Financial management is easy enough for one person, but if you have a new partner or spouse, or have recently entered into a common-law relationship, there are new financial considerations you should be aware of. From simple budgeting changes to long-term family investments, Provincial Credit Union knows that a new family means new financial concerns.
An important step in integrating your finances is establishing joint accounts. A joint chequing account can cover shared expenses like rent, utilities and automotive costs. Supporting this account with a jointly held credit card can make unexpected expenses that affect you both much easier to handle. With any joint account you should both agree beforehand what the account is for and how much money each of you is able and expected to contribute.
Keep in mind that it's still important for you both to maintain your credit ratings as individuals. Keep your own accounts and credit cards for personal expenditures. You don't want your partner deducing what his or her anniversary present is from a monthly statement on a joint account!
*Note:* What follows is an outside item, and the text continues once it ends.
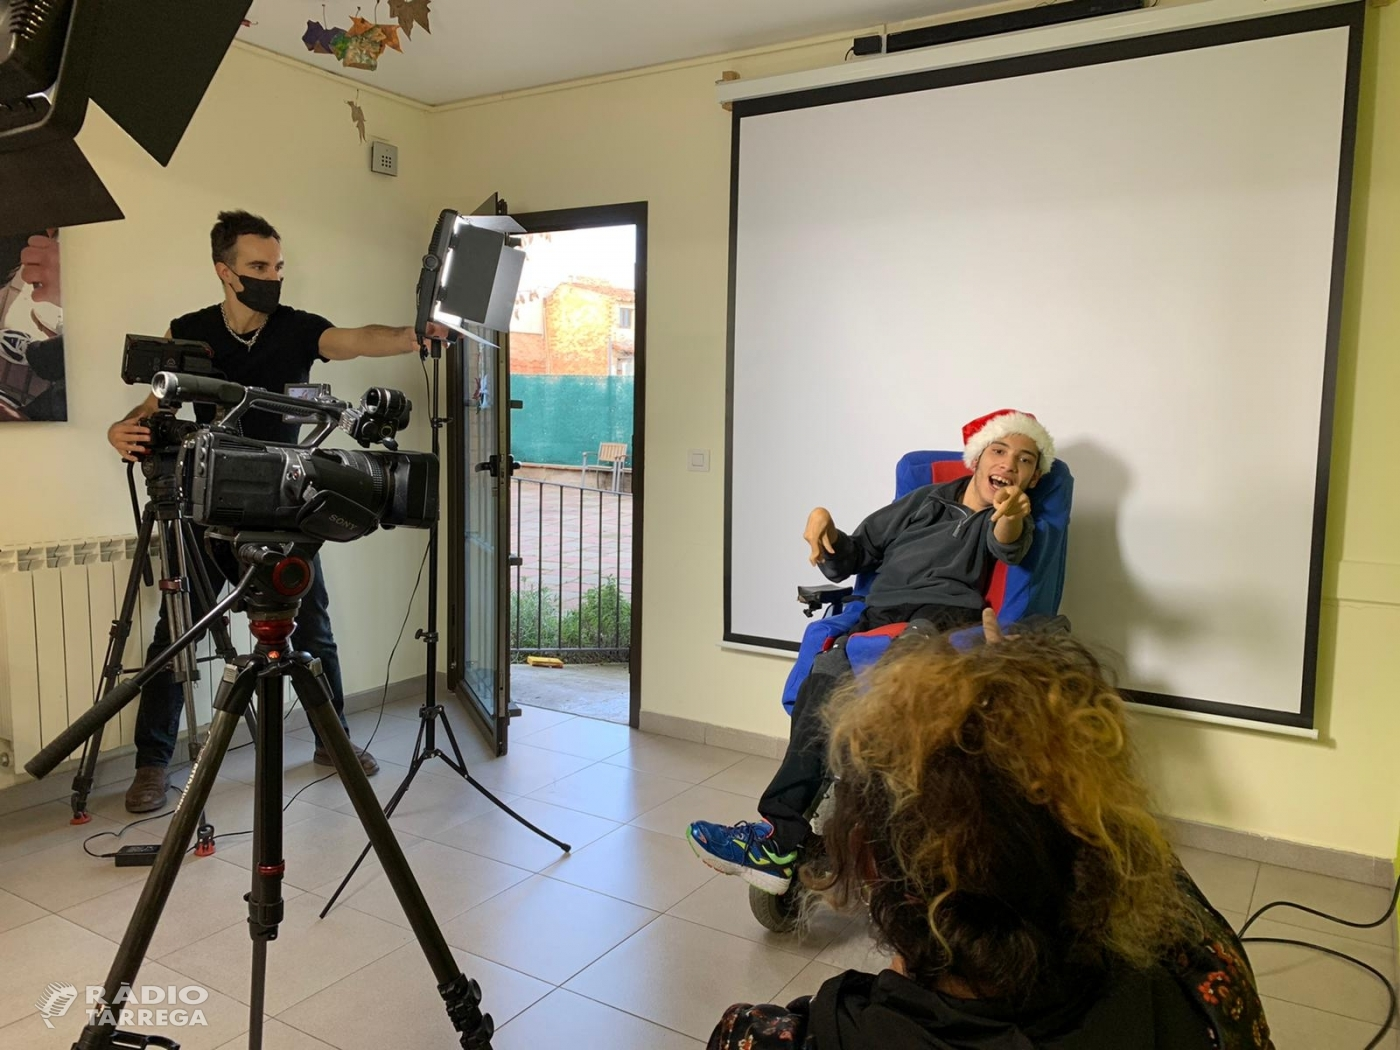 El Grup Alba felicitarà les festes de Nadal amb una cançó amb llengua de signes gravada pel cineasta Xavier Marrades

In some ways, budgeting for two can be easier than budgeting for one. Fixed living expenses can be paid out of a joint account, and, with both of you making regular contributions, you may even find the account accumulating money over time. In any case, it's especially important for partners with joint accounts to budget carefully and discuss their finances regularly. An open, honest approach will prevent any hard feelings, especially if one partner earns significantly more than the other.
You and your partner should definitely make long-term investment plans together. If you have children or are planning to have children in the future, you may want to consider starting an education fund. Also, by planning your RRSP contributions together you can maximize the tax benefits for both of you. Spousal RRSP contributions can protect more of your income from taxation and help both of you retire more comfortably.